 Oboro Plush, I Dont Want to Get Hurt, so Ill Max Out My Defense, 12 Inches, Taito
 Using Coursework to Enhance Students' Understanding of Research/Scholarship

══════════

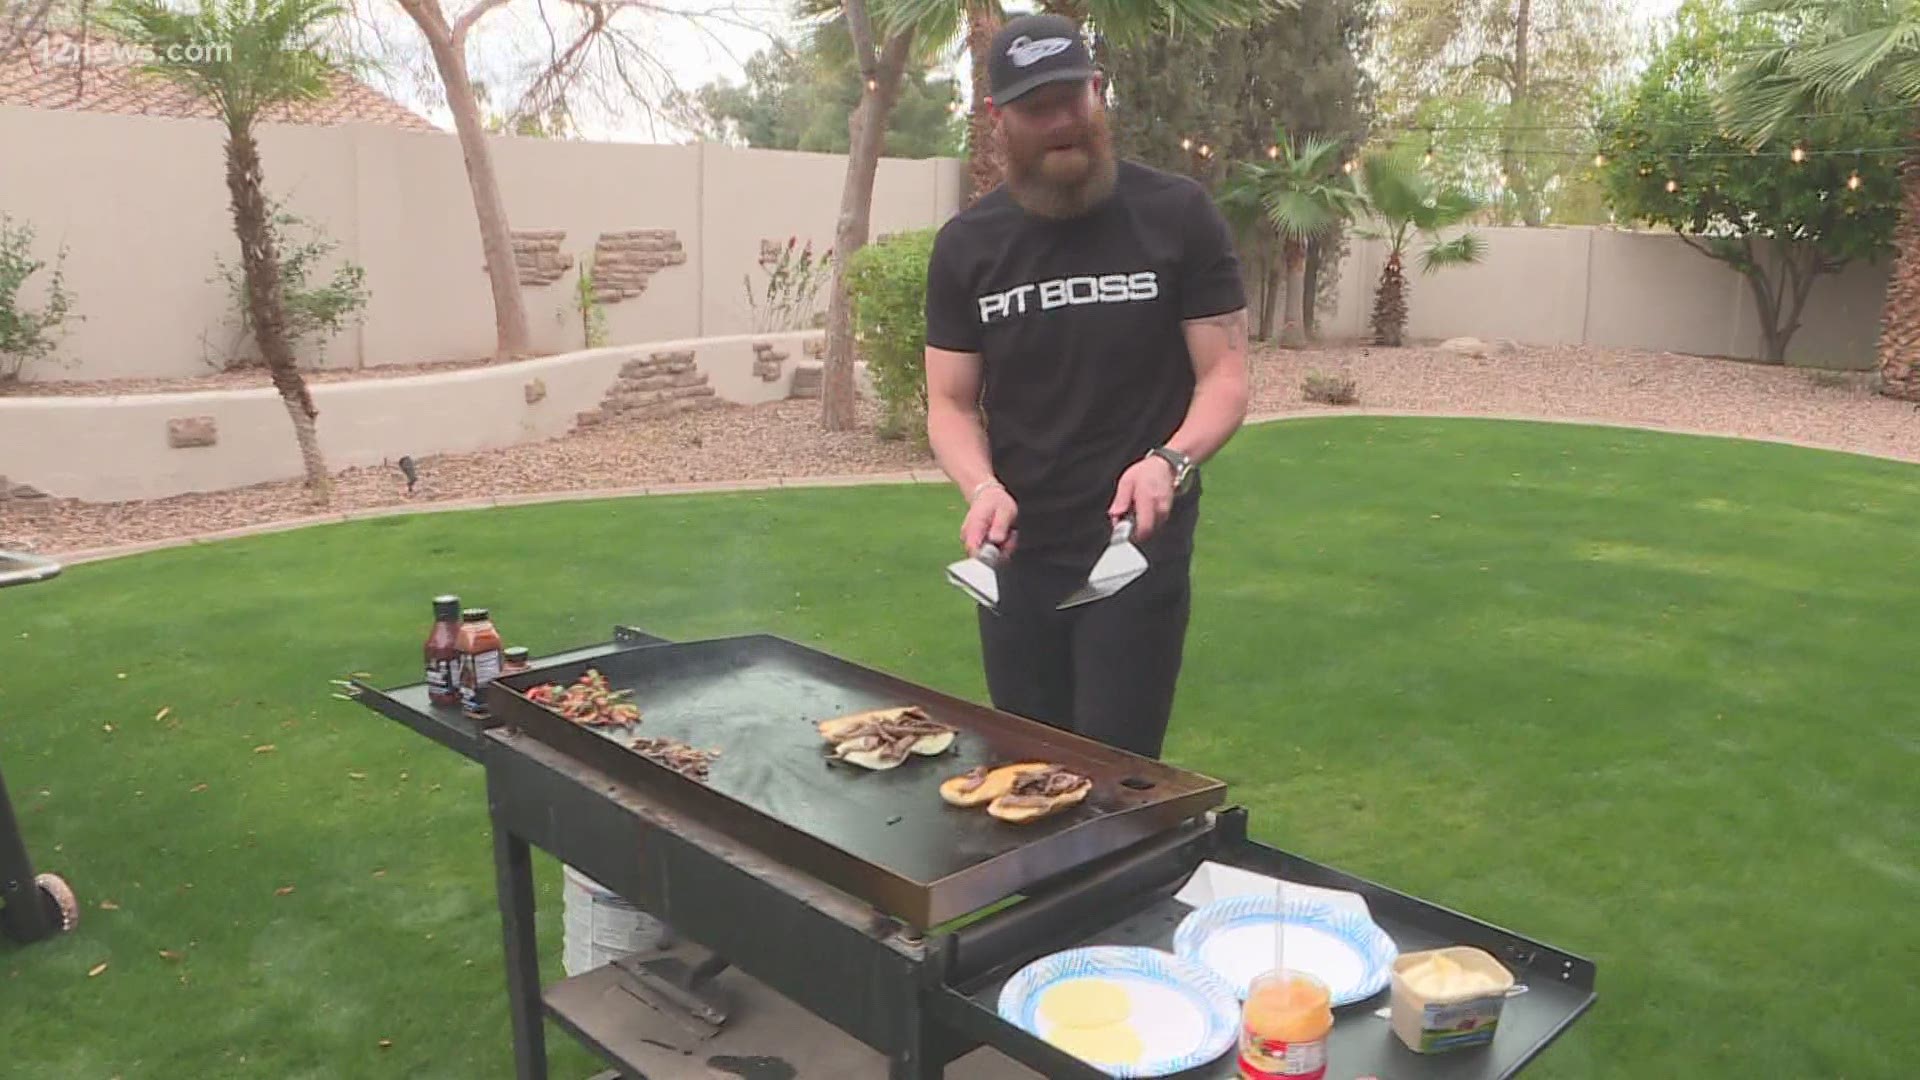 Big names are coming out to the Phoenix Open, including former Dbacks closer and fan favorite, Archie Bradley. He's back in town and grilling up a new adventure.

══════════

YOUR INSTRUCTIONS. Using the material above, transcribe exactly the lines from the line with "Oboro Plush, I" to the line with "Using Coursework to"; both count, and nothing else goes in.

RESPONSE BELOW.
 Oboro Plush, I Dont Want to Get Hurt, so Ill Max Out My Defense, 12 Inches, Taito
 Using Coursework to Enhance Students' Understanding of Research/Scholarship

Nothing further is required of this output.